Wordcloud is a popular visualization tool, yet I am not a big fan of it. However, it seems that managers love a wordcloud because they can get the main message in one quick look. We will create a wordcloud using eom_text_wordcloud() function from ggwordcloud package.

Before we can make a wordcloud, there is some preprocessing of the text that is necessary. First of all, we need to tokenize the text so that we have all the words separately identified. Next, we get rid of all the “stop words” such as articles (e.g., the, an), pronouns (e.g., he, she, it), etc.

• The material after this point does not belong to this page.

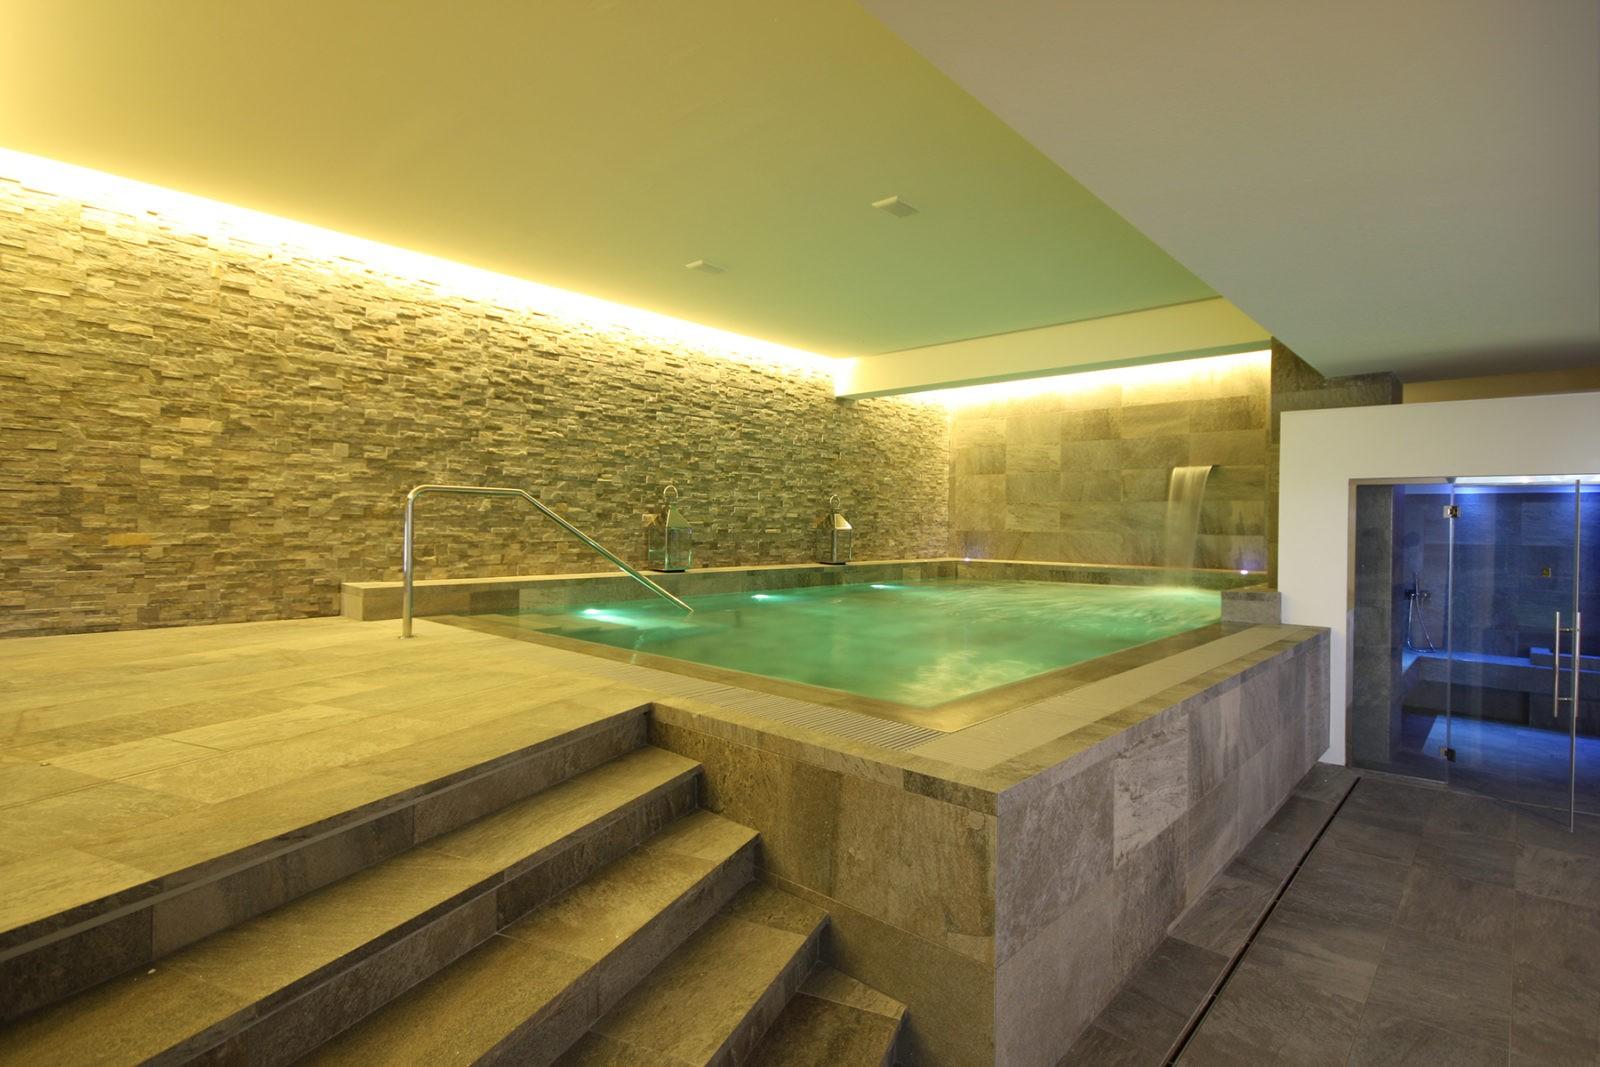 Hotel Mamiani vasca idromassaggio bagno turco

We also need to remove other words that we think may contaminate the wordcloud.³¹

Create a tibble of all the words we want to get rid of. This list needs to be updated depending on what shows up in the wordcloud below.

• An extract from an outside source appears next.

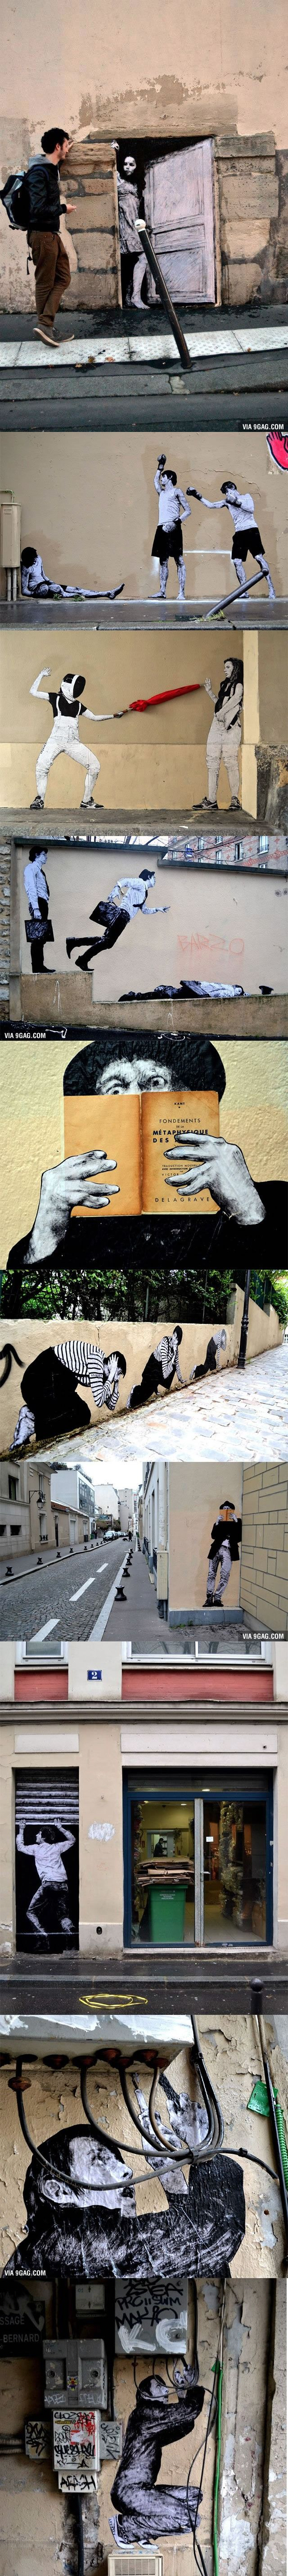 The Best Street Art I've Ever Seen

exclude_words <- tibble(word = c("http", "https", "twitter", "t.co",
                                 "liverpool", "barcelona", "barca"))

We have to first get the words from all the tweets

word_tokens <- lp_geo %>% 
  select(status_id, text) %>% 
  tidytext::unnest_tokens(word, text) %>% 
  anti_join(stop_words) %>% 
  anti_join(exclude_words)

## Joining, by = "word"
## Joining, by = "word"

head(word_tokens)

## # A tibble: 6 x 2
##   status_id           word           
##   <chr>               <chr>          
## 1 1125931671986028544 poznaninmypants
## 2 1125931671986028544 destnd4gr8tnes2
## 3 1125931671986028544 yankeegunner   
## 4 1125931671986028544 gunnerblog     
## 5 1125931671986028544 clivepafc      
## 6 1125931671986028544 vision

The first few words that we see are probably hashtags this user used. We don’t need to pay attention to individual words at this point.

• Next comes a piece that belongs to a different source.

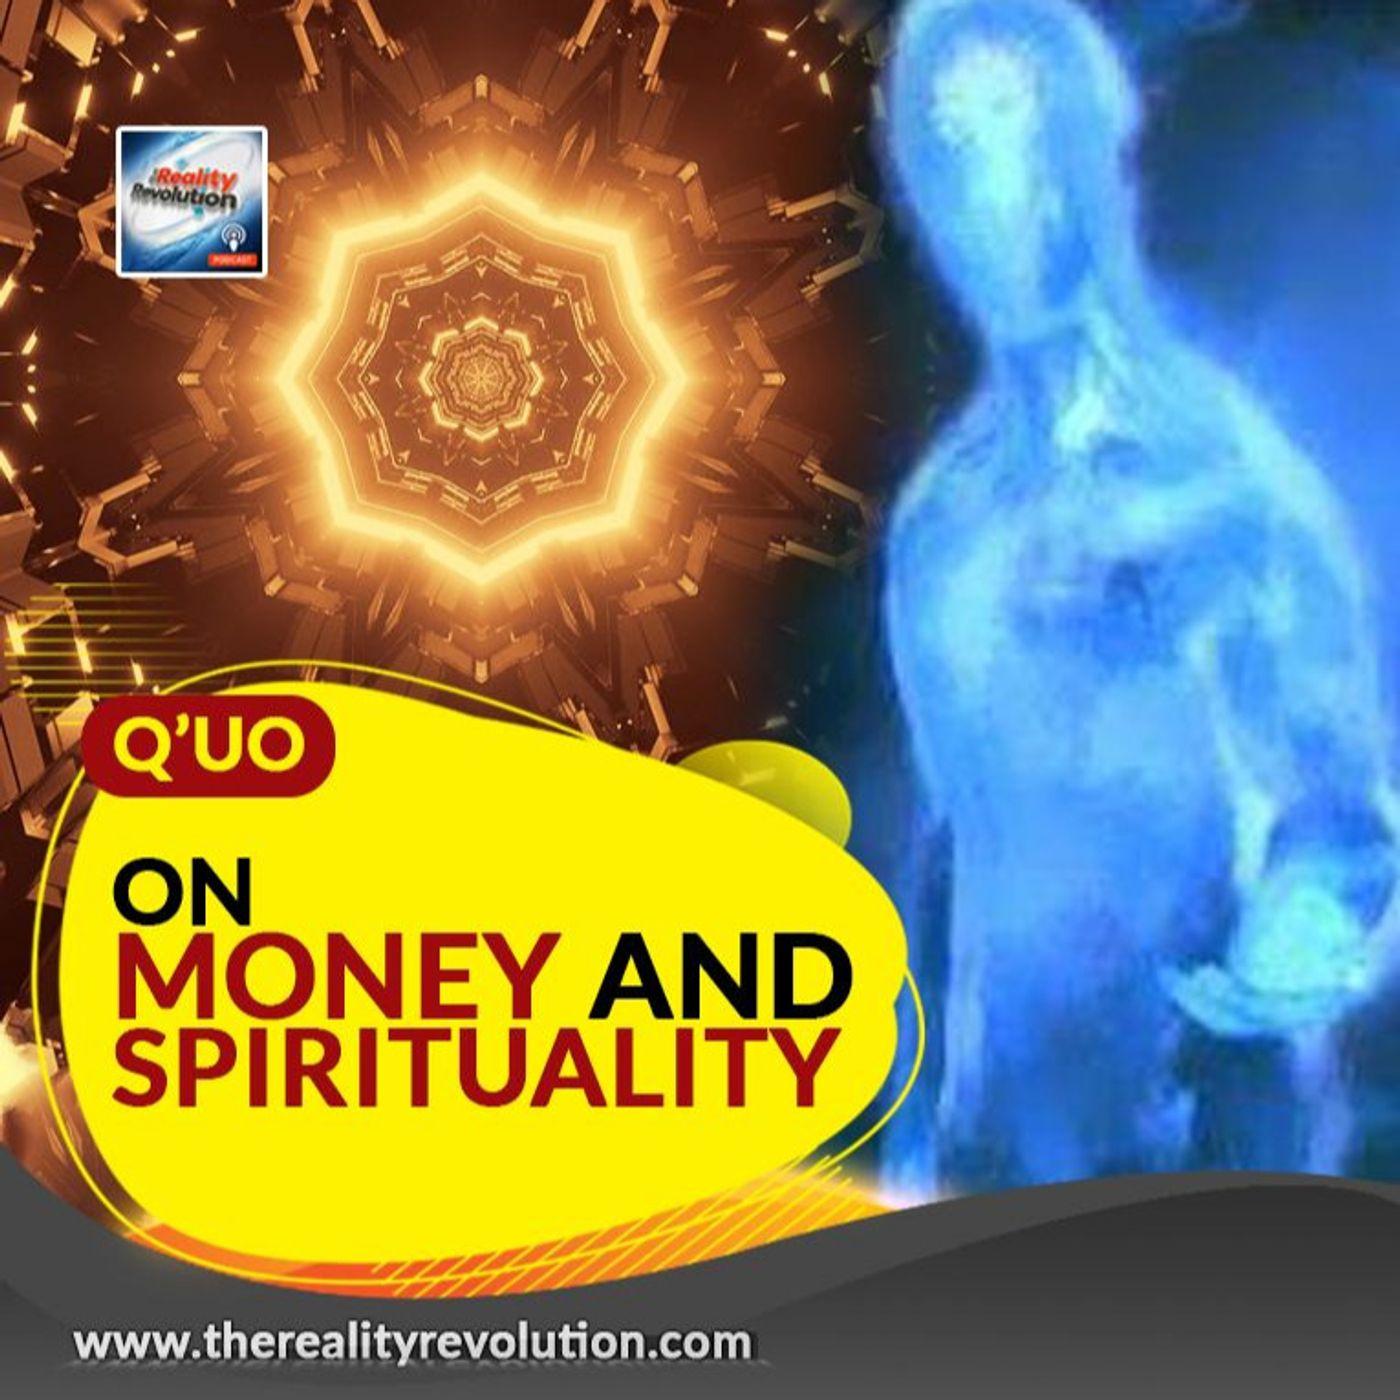 Q'uo - On Money And Spirituality

Find the frequency of each word and then rank them in descending order

word_tokens_count <- word_tokens %>% 
  count(word, sort = TRUE)

head(word_tokens_count)

## # A tibble: 6 x 2
##   word       n
##   <chr>  <int>
## 1 league  1692
## 2 final   1647
## 3 win     1599
## 4 game    1358
## 5 team    1335
## 6 0       1330

Make the wordcloud

set.seed(2019)

word_tokens_count %>% 
  top_n(30) %>% 
  ggplot(aes(label = word, size = n, color = word)) +
  scale_size_area(max_size = 10) +
  geom_text_wordcloud() +
  theme_minimal()

## Selecting by n

Another way you can create wordcloud quickly is using a custom R function available from STHDA

source('http://www.sthda.com/upload/rquery_wordcloud.r')

Full wordcloud. The default is to plot 200 words.

rquery.wordcloud(x = lp$text, type = "text")

Wordcloud without the excluded words:

rquery.wordcloud(x = lp$text, type = "text",
                 excludeWords = c("http", "https", "twitter", "t.co",
                                 "liverpool", "barcelona", "barca"),
                 max.words = 50)

This requires some trial and error.↩